Brief
Give back the full listing verbatim, apart from its images.

Data extract
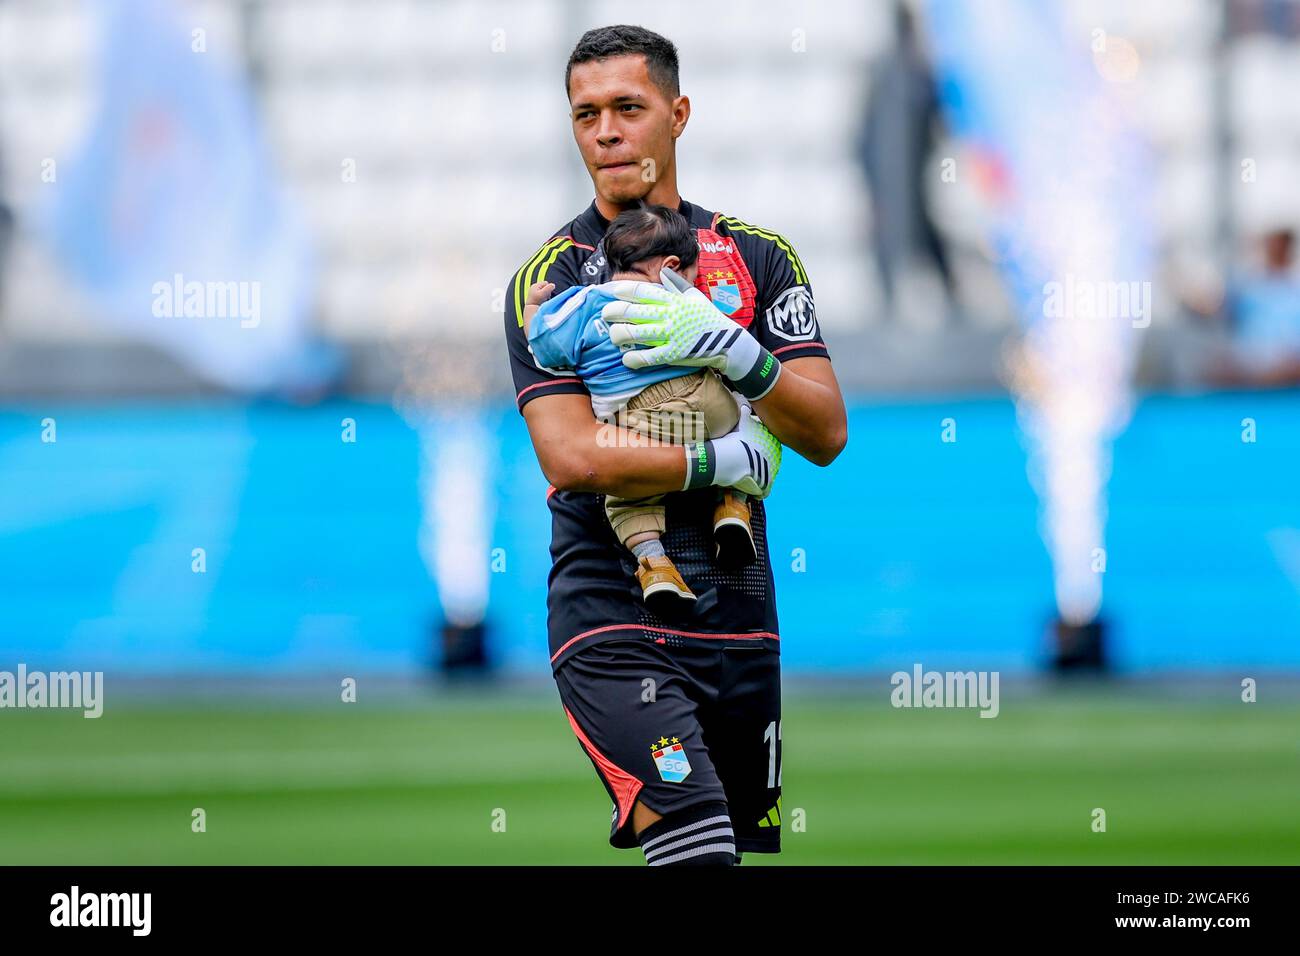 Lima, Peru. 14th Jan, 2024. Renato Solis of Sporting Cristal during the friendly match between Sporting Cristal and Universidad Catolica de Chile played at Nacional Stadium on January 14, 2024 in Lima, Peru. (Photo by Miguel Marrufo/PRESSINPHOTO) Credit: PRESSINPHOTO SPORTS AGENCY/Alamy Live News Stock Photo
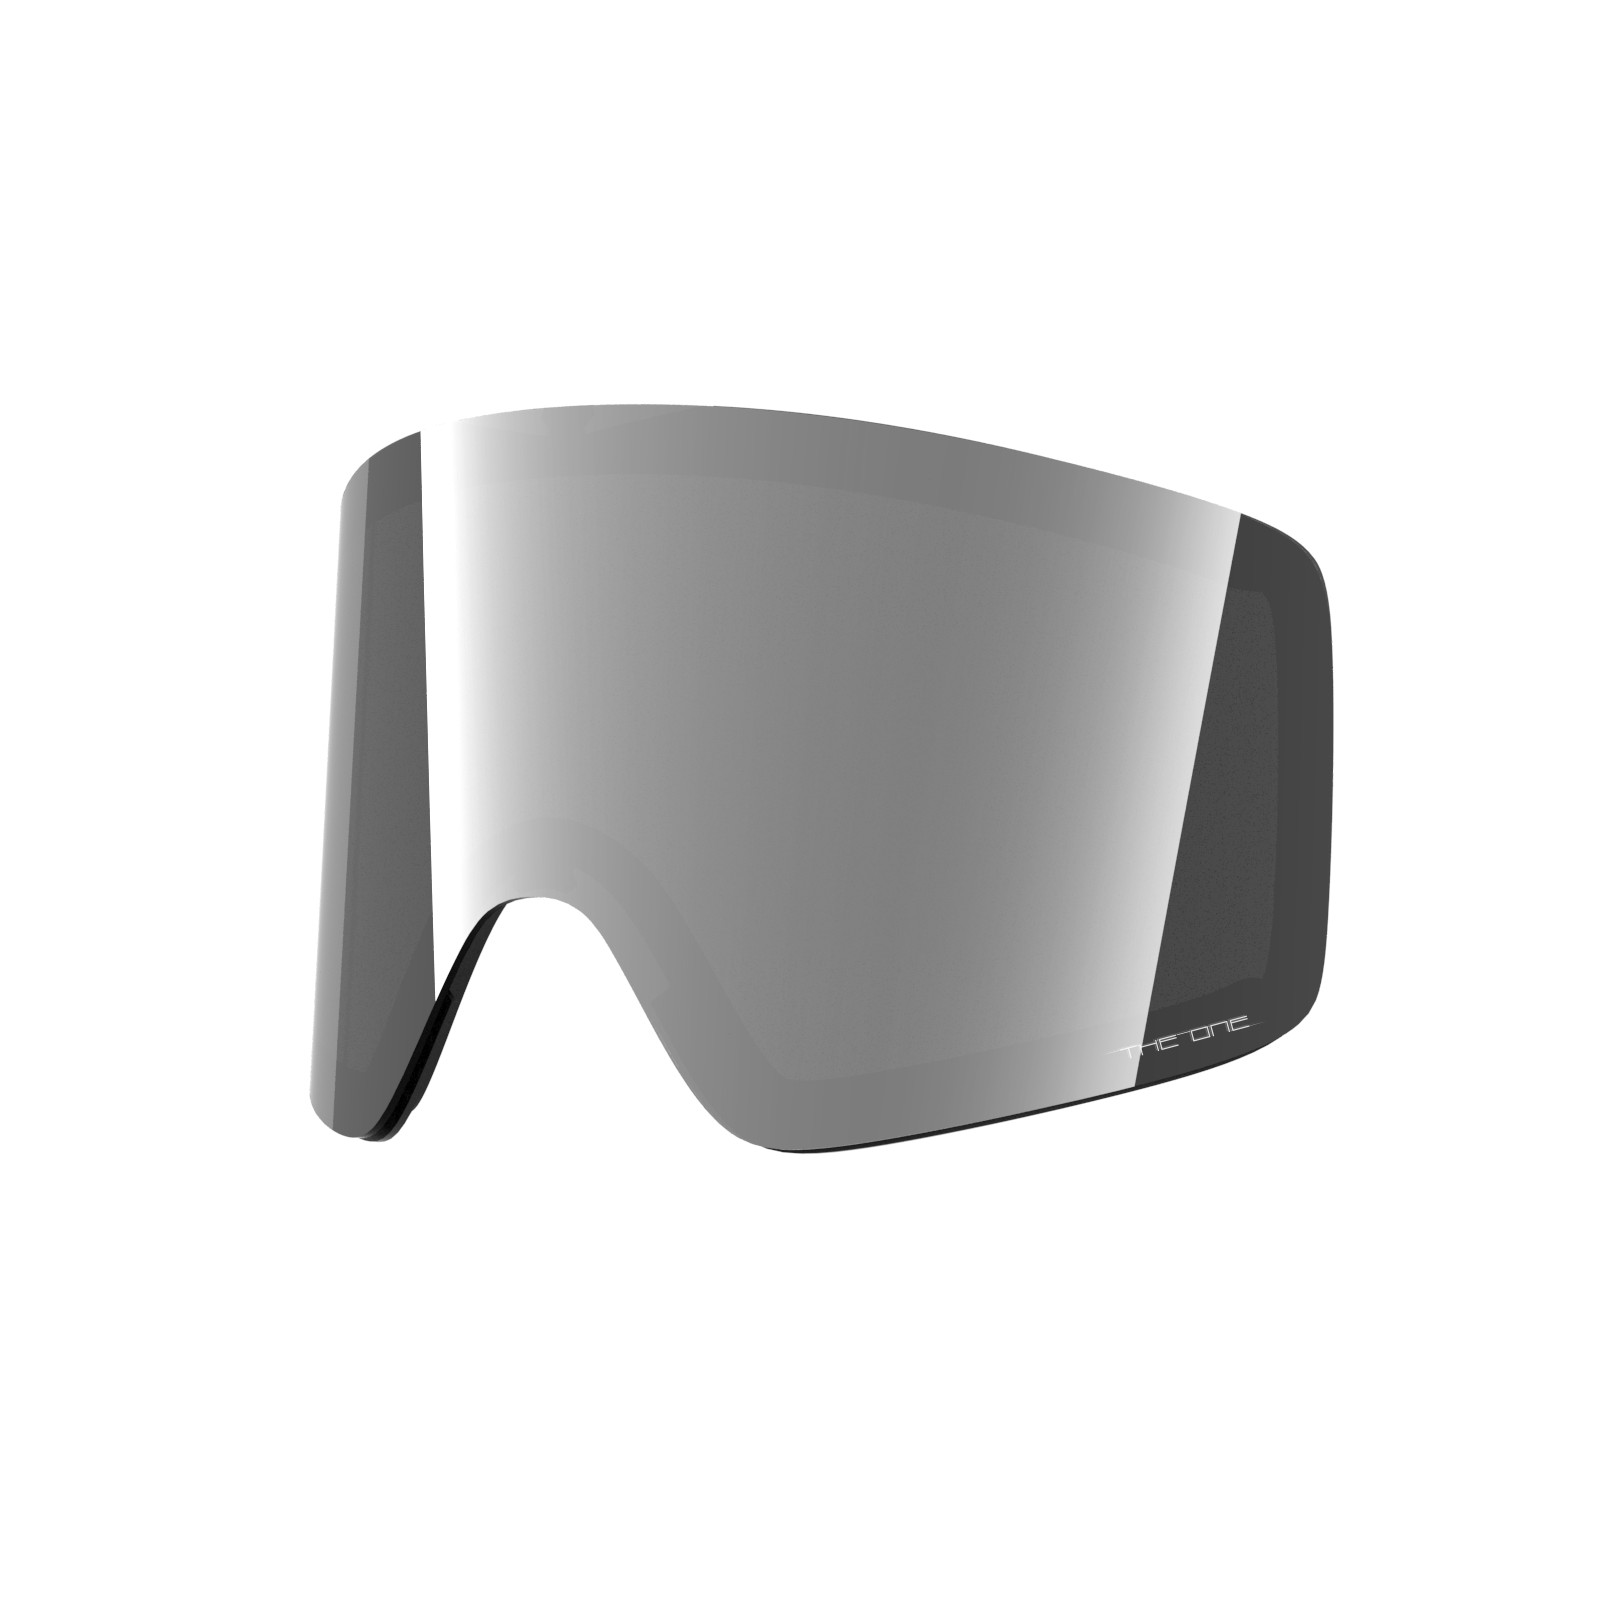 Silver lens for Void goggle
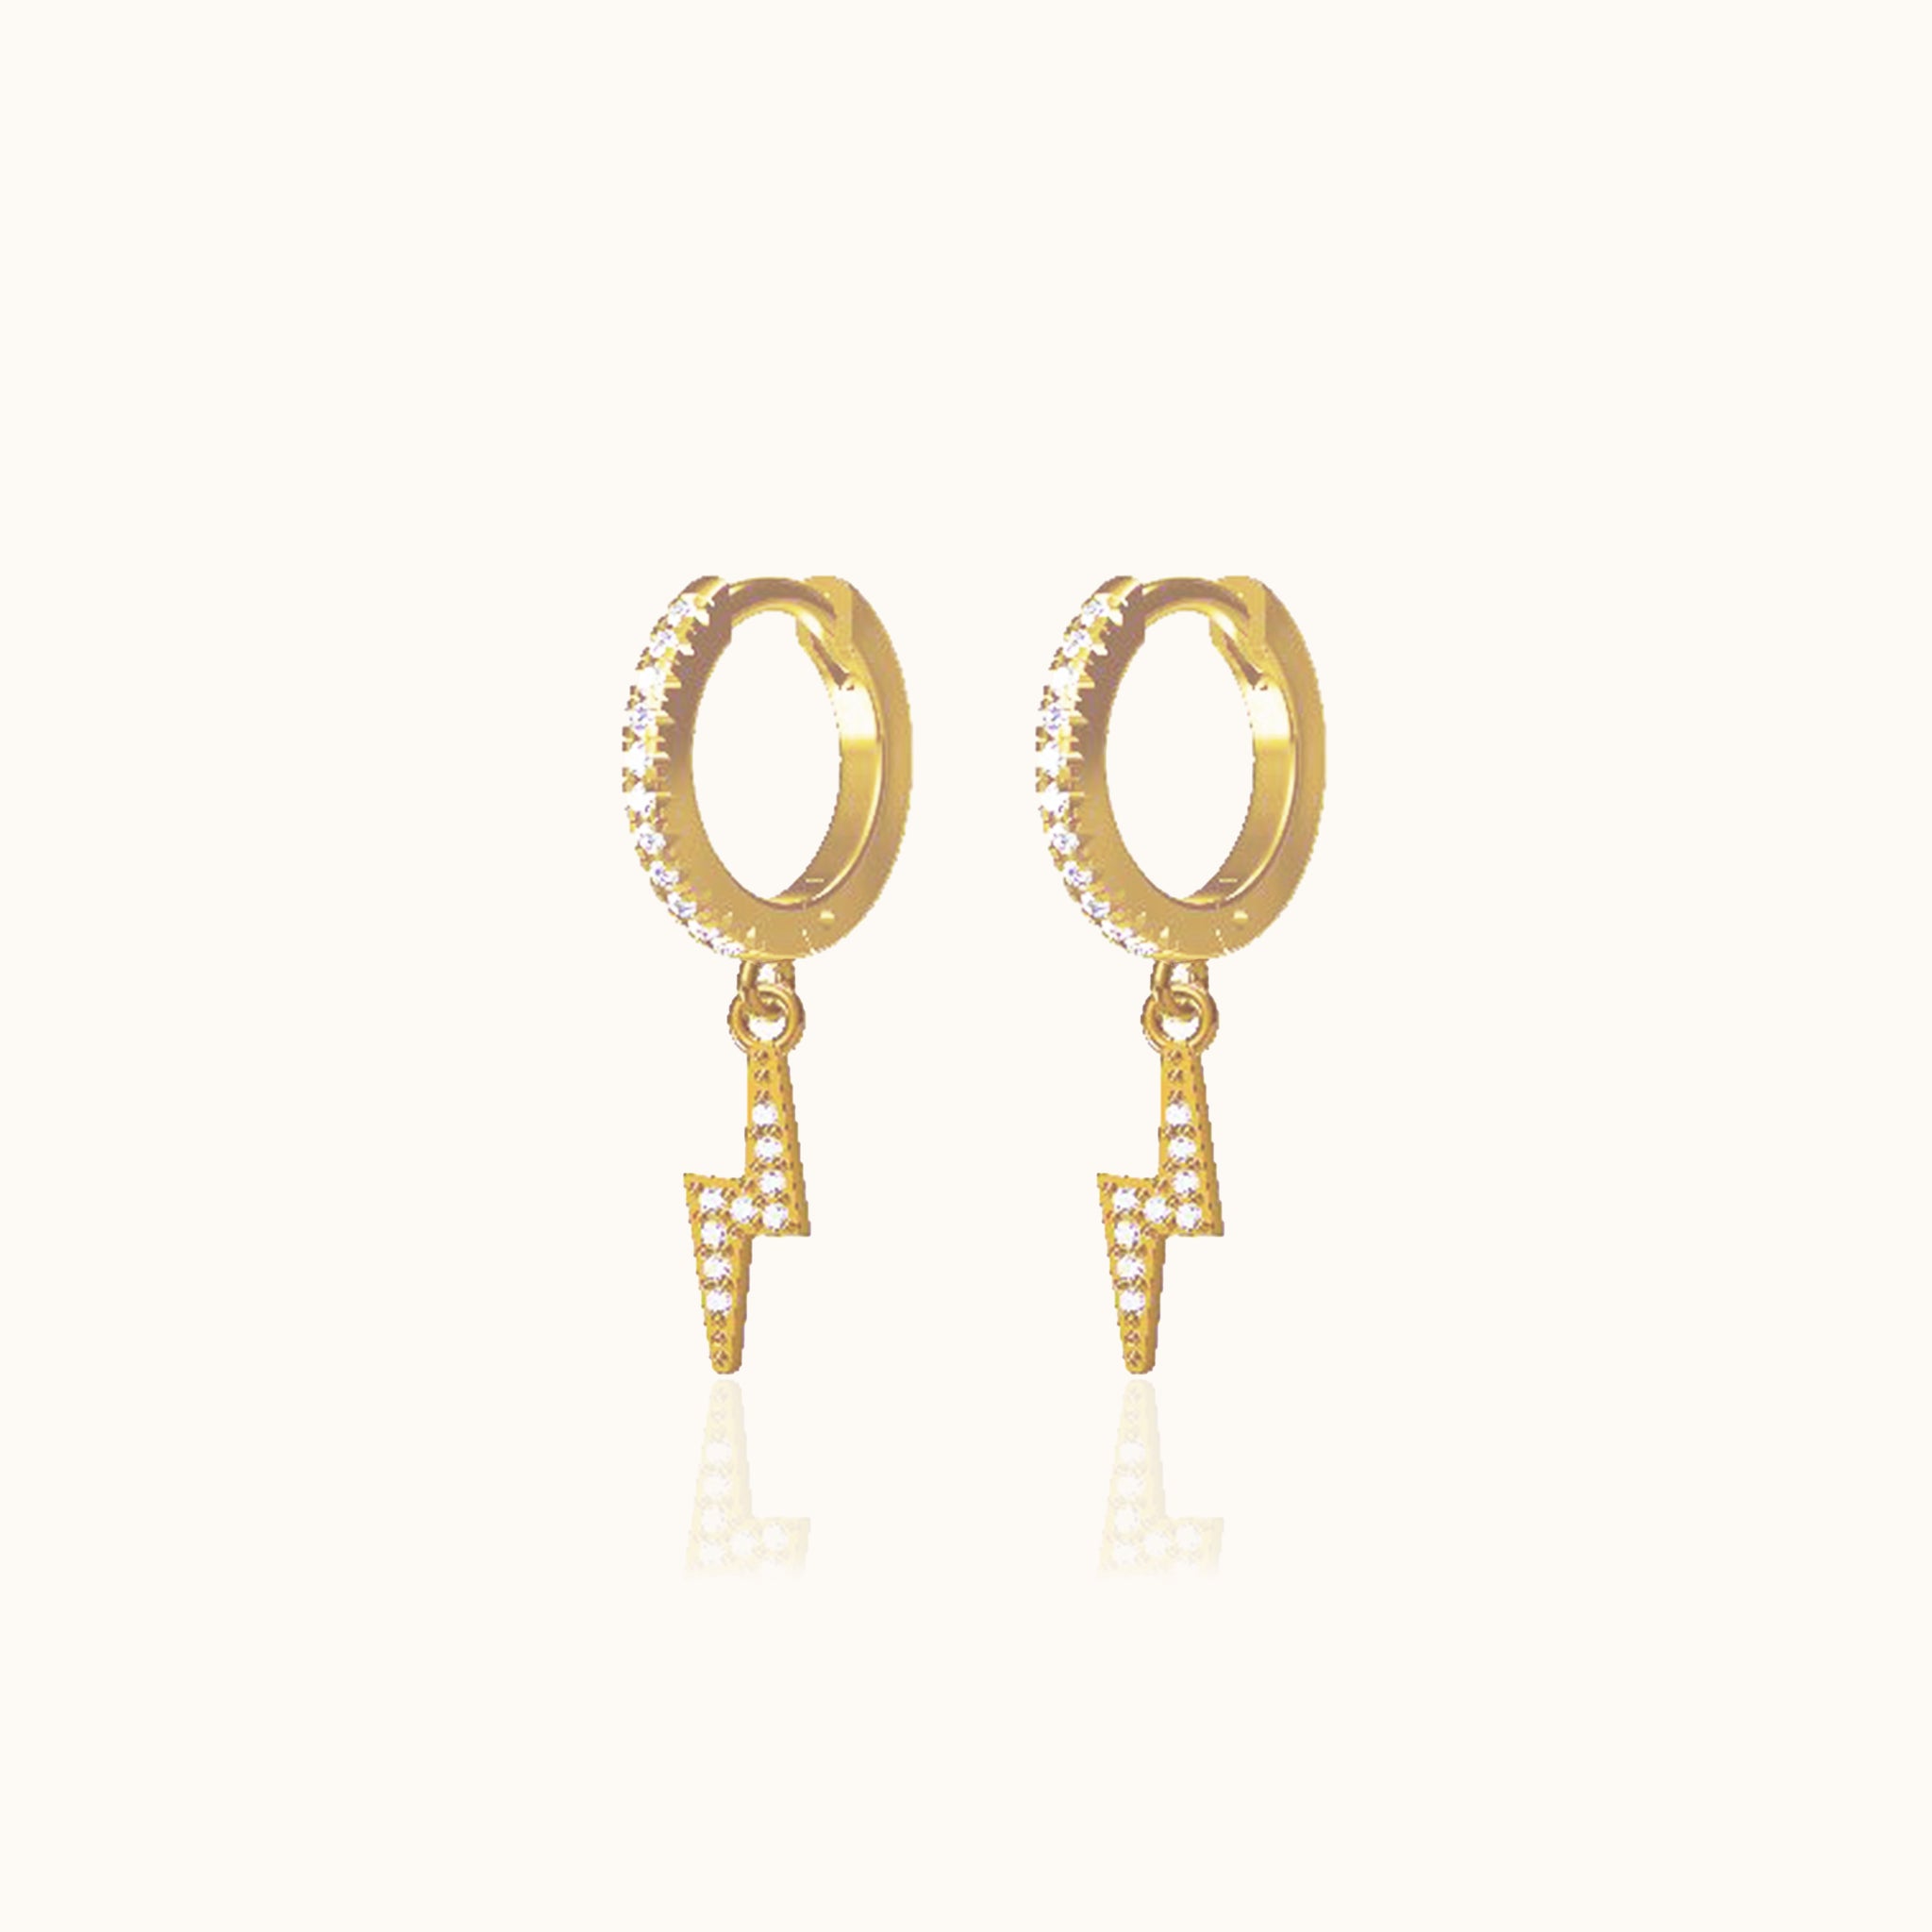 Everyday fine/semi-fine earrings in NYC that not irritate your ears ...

Answer space
 Lima, Peru. 14th Jan, 2024. Renato Solis of Sporting Cristal during the friendly match between Sporting Cristal and Universidad Catolica de Chile played at Nacional Stadium on January 14, 2024 in Lima, Peru. (Photo by Miguel Marrufo/PRESSINPHOTO) Credit: PRESSINPHOTO SPORTS AGENCY/Alamy Live News Stock Photo
 Silver lens for Void goggle
 Everyday fine/semi-fine earrings in NYC that not irritate your ears ...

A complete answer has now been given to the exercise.